## [DATA SECTION]

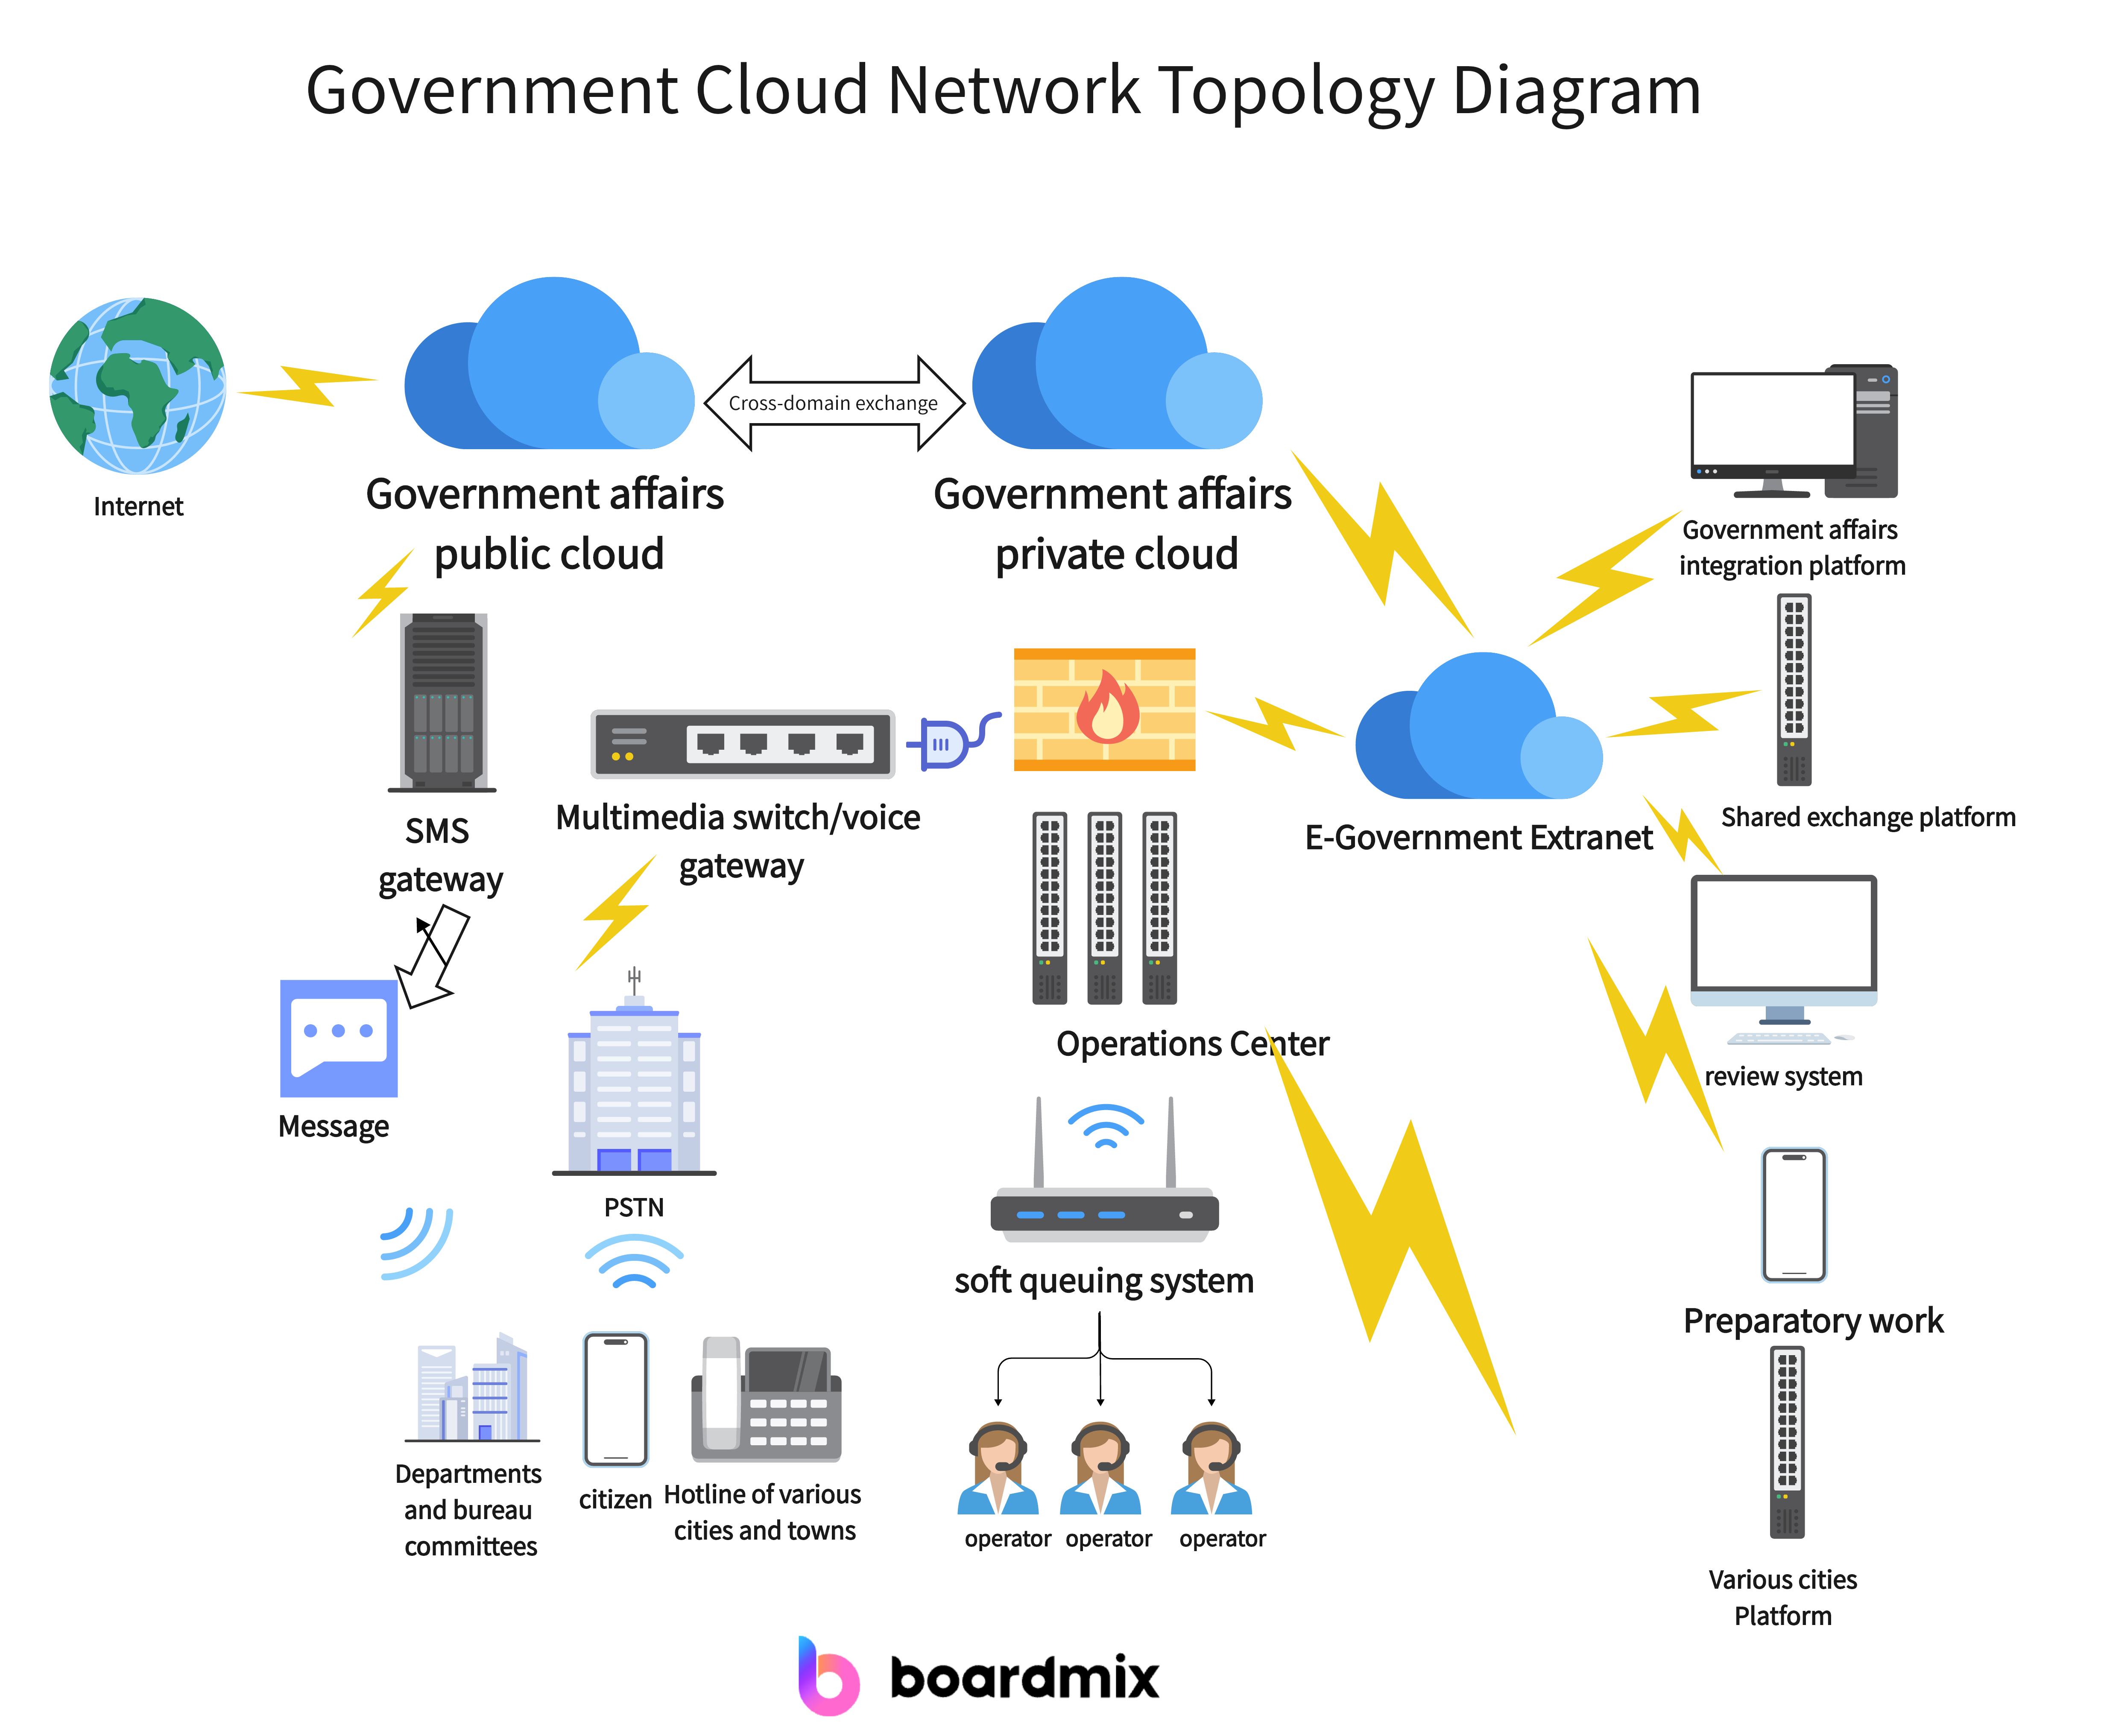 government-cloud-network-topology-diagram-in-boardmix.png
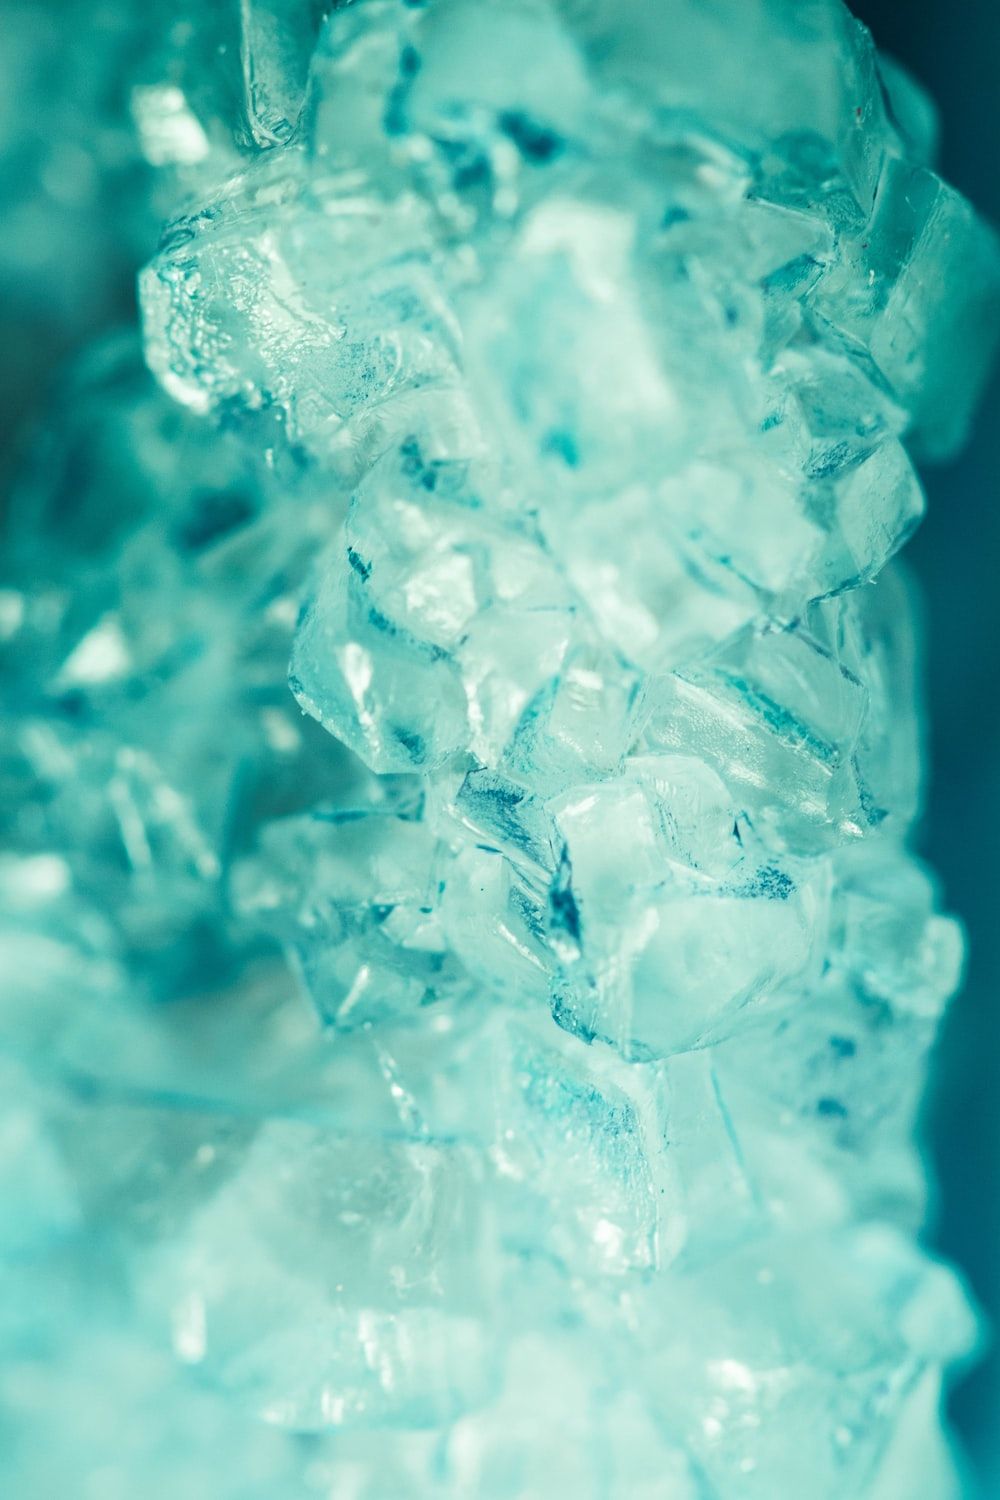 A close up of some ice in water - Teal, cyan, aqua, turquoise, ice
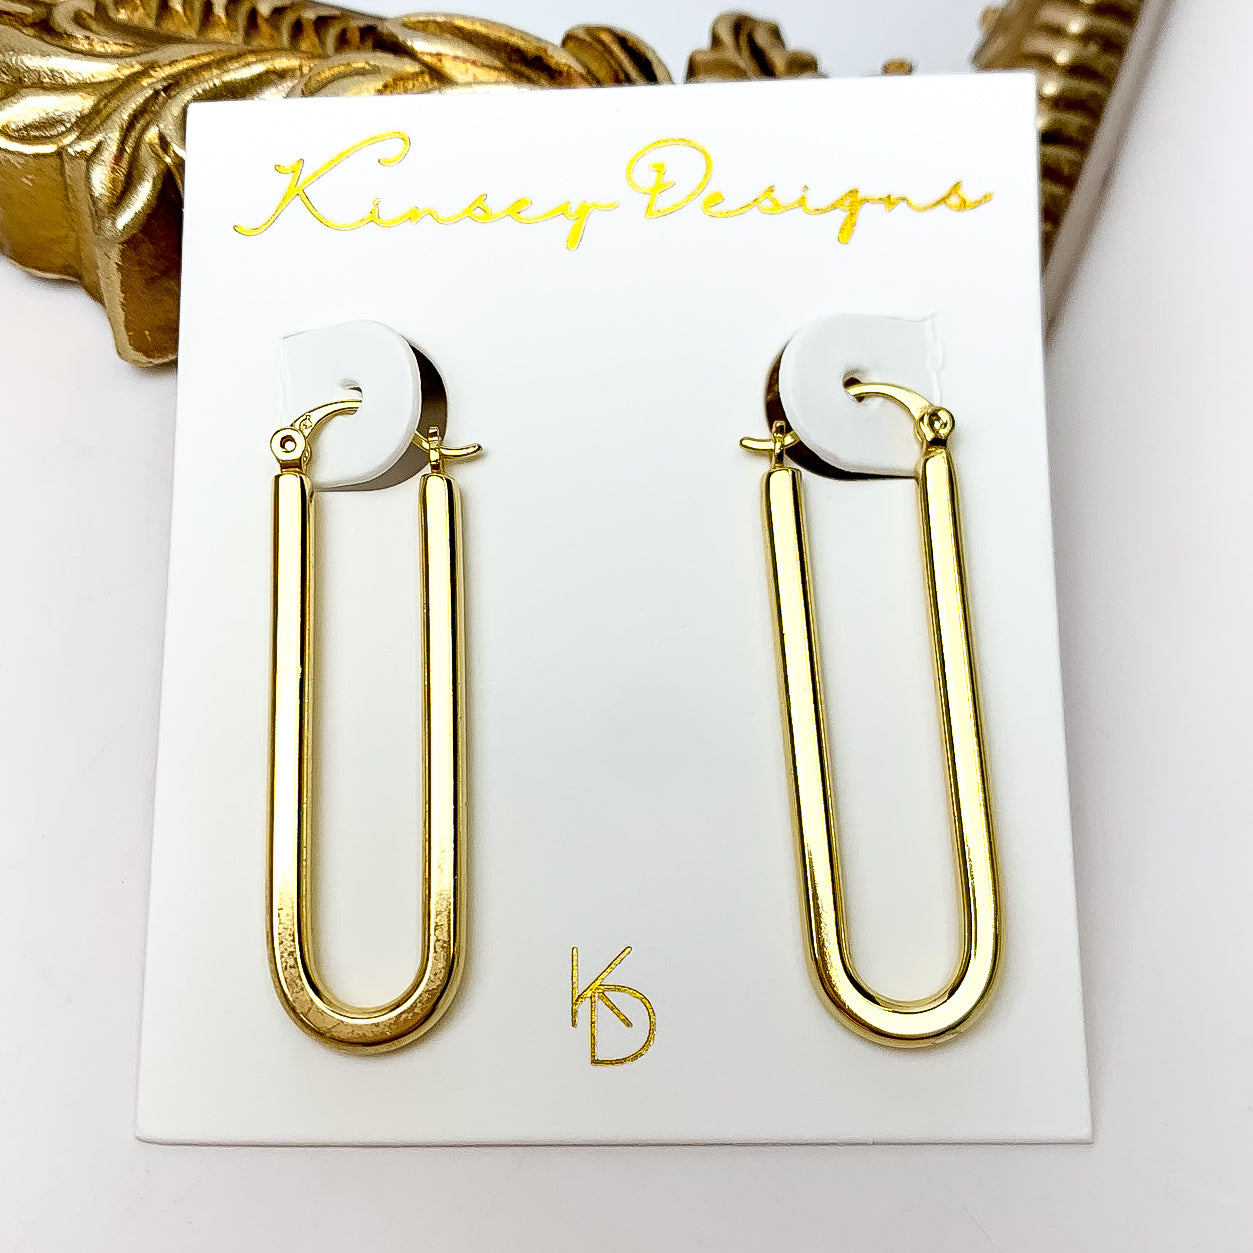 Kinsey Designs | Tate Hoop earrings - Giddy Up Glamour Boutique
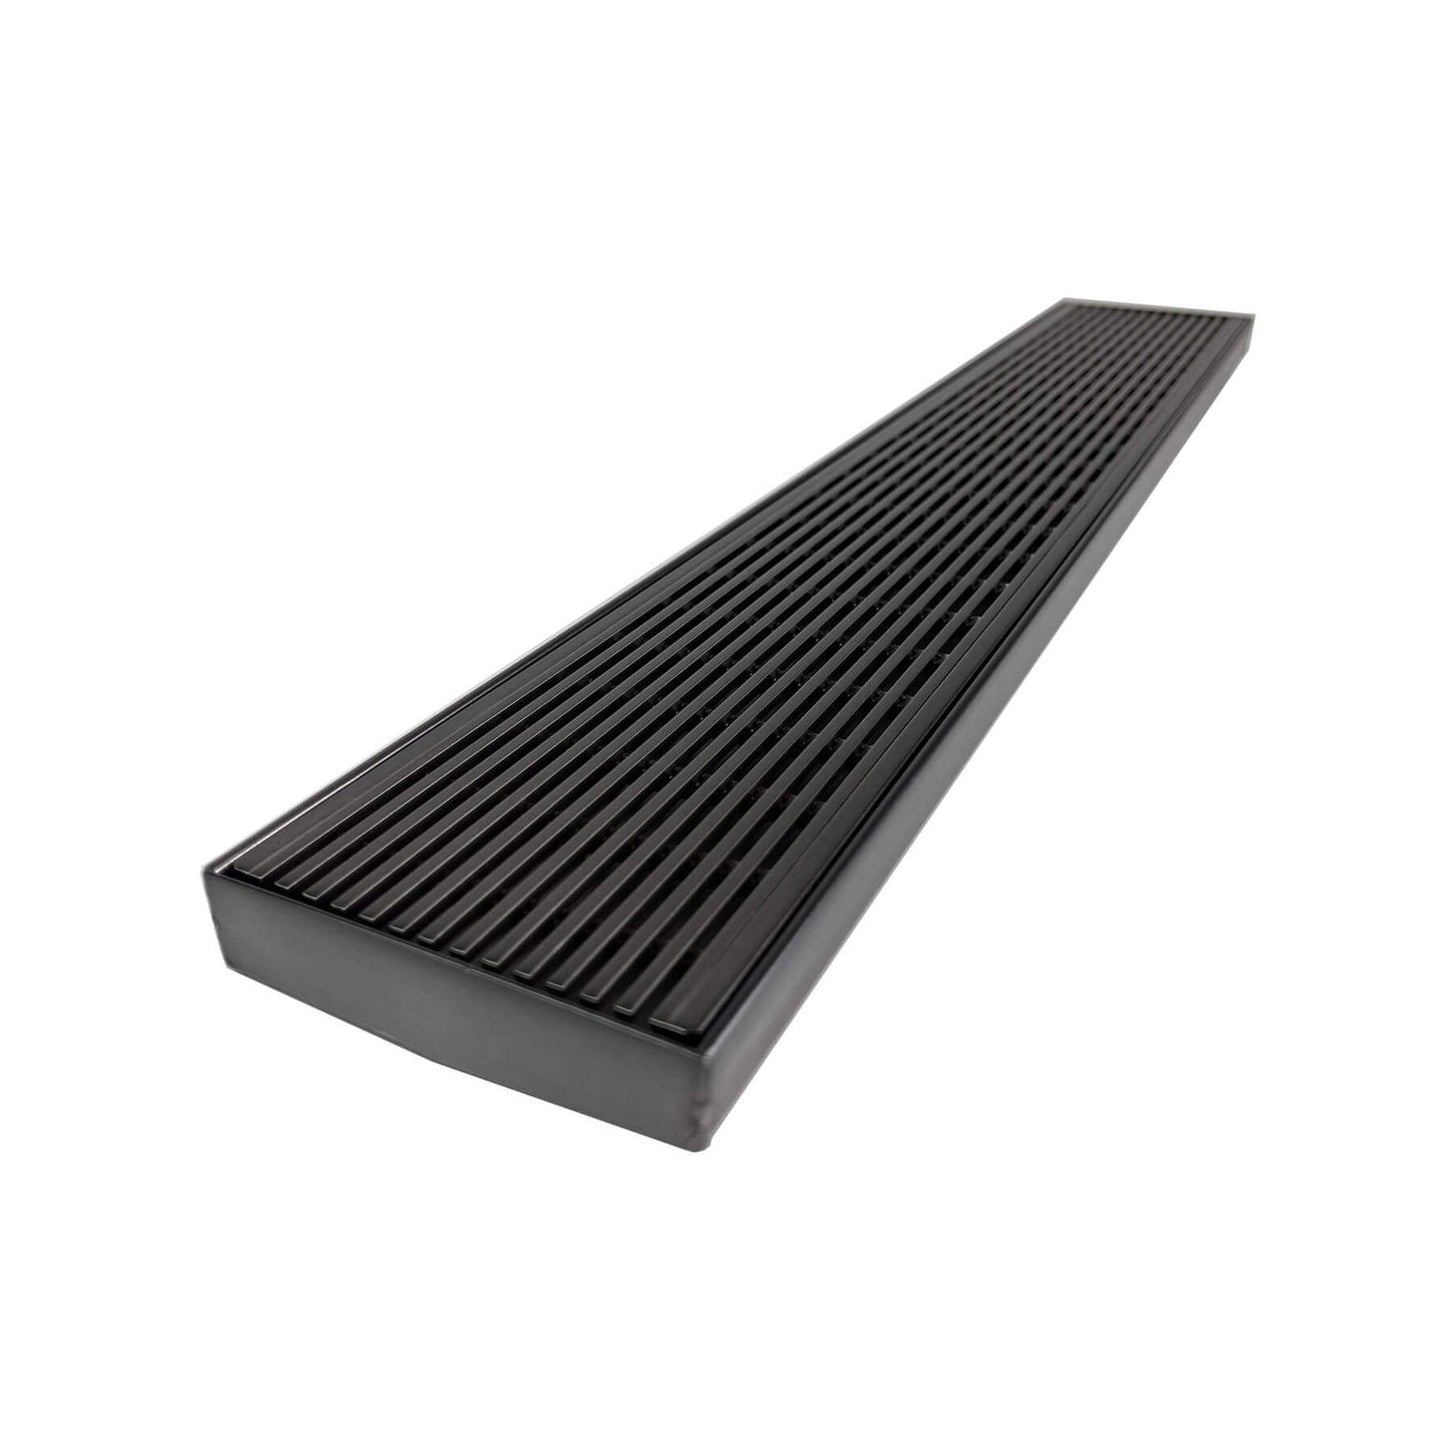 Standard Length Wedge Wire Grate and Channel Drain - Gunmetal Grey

## [EXERCISE REQUIREMENTS]
Please set down the lines above word for word and leave out the pictures.

## [TASK OUTPUT]
 government-cloud-network-topology-diagram-in-boardmix.png
 A close up of some ice in water - Teal, cyan, aqua, turquoise, ice
 Kinsey Designs | Tate Hoop earrings - Giddy Up Glamour Boutique
 Standard Length Wedge Wire Grate and Channel Drain - Gunmetal Grey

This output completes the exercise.